Zoffany is recorded as having produced several portraits of Jawan Bakht, yet only a simple sketch of the Prince within a group portrait has survived. This large, three-quarter length oil painting in a different hand from Zoffany's is however extant today, and is believed to have been executed by Charles Smith (Archer 1979, p.181, no.111). The painting exhibits various features of the latter artist's style, such as the characteristic, unadorned simplicity.

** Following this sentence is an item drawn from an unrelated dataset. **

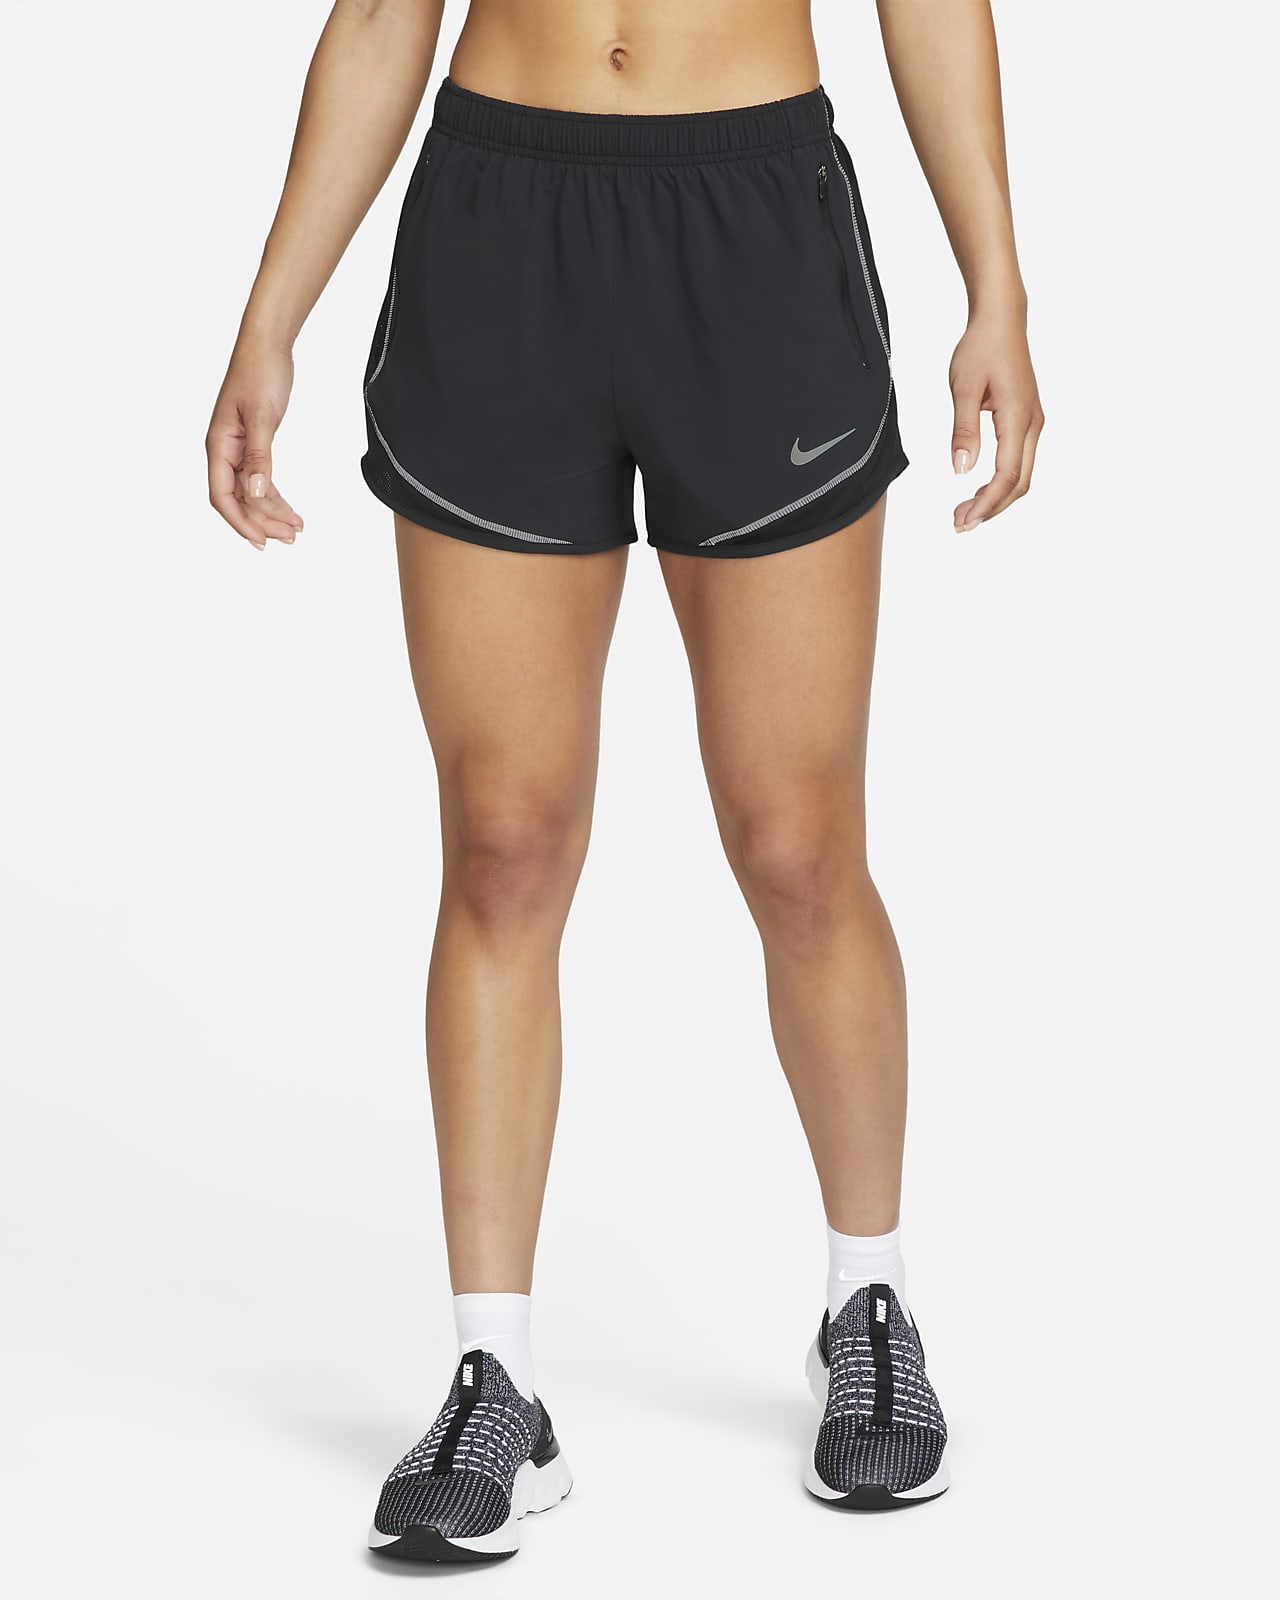 Nike Dri-FIT Run Division Tempo Luxe Women's Running Shorts

Most tellingly however is the portrait's similarity to a miniature by the artist Ozias Humphry (1742-1810), who was concurrently painting miniatures of Smith's patrons at the Nawab's court (Archer 1979, p.186, no.115). This lot is closely comparable to the original oil painting, which was last recorded by Mildred Archer as hanging in an Indian private collection (Archer 1979, p.451, note.4).
Prince Jawan Bakht was the eldest son of the Mughal Emperor Shah Alam, who visited Lucknow in 1784 to ask Warren Hastings' help in freeing his father from the Mahrattas. Hastings wrote that he found the Prince "gentle, lively, possessed of a high sense of humour, of a sound judgement, an uncommonly quick penetration, and a well-cultivated understanding, with a spirit of resignation and an equality of temper almost exceeding any within reach of my own knowledge or recollection"."